Can anyone please let me know why I am getting WA for test case 16 and 17. Help would be appreciated.

https://www.codechef.com/viewsolution/10974501

sir please check my code ,its not working for 3rd subtask (highly redable code)

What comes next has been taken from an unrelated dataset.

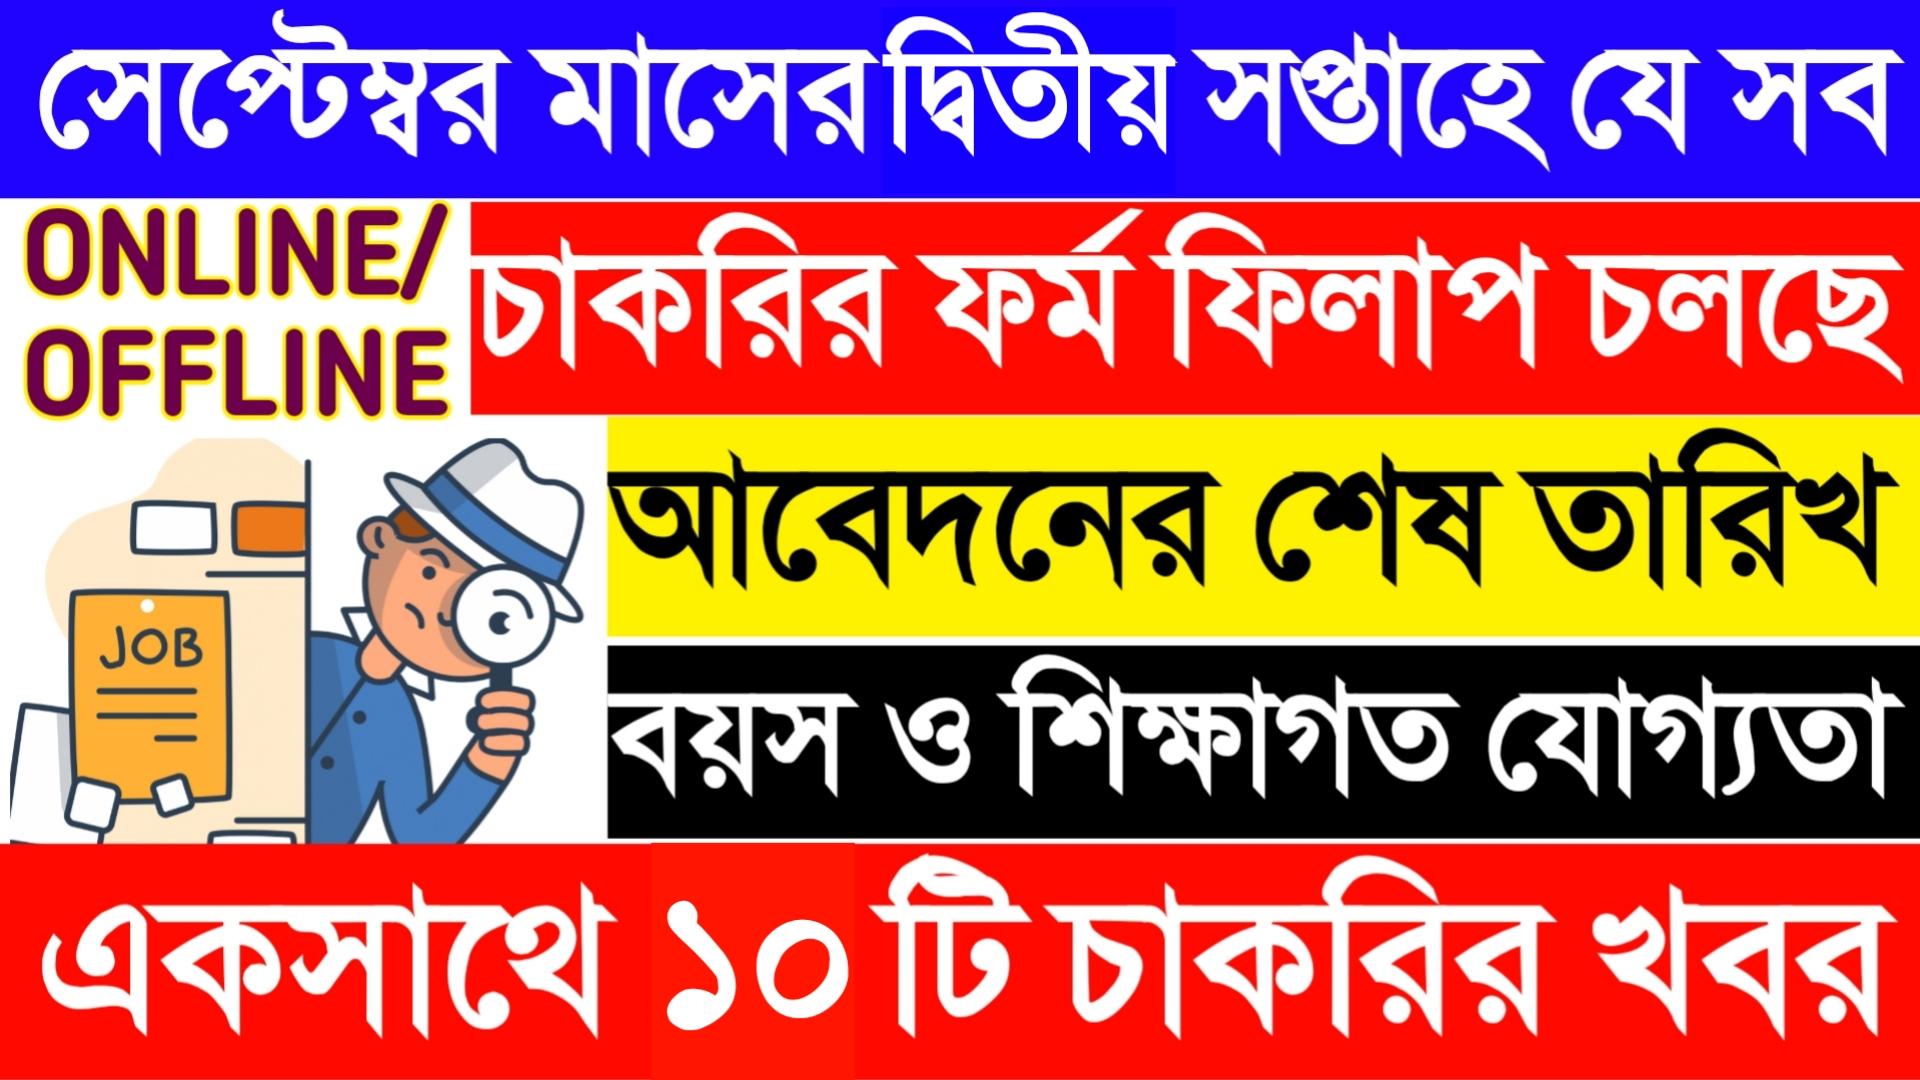 September 2nd Week Govt Job News 2020 || September 2nd Week West Bengal Govt Job News 2020 ||

{ int c=0; for(all x in arr) {

if( x is even)
{
if(x can be made with only 2’s)
{
q=q-(x/2);
c++;
}
else if(x can be made with combination of 1 and 2)
{
remain=x-2*q;
if(remain <=p)
{
q=0;
p=p-remain;
c++;
}
}
}
if(x is odd)
{
int r=(arr[i]-1)/2;

if(arr[i]-1<=2*q && p!=0) // single one used
{
c++;
q=q-r;
p–;
}
else {

   if(arr[i]-(2*q)<=p)//use all q and remaining with use of required p
{
 c++;
q=0;
p=p-(arr[i]-(2*q));

}
} code @ https://www.codechef.com/viewsolution/10980356

Can anyone please let me know why I am getting WA for test case 15, 16 and 17. Help would be appreciated.

https://www.codechef.com/viewsolution/10972060

Thanks Sir,really appreciate it.

Thanks dpraveen for the comment!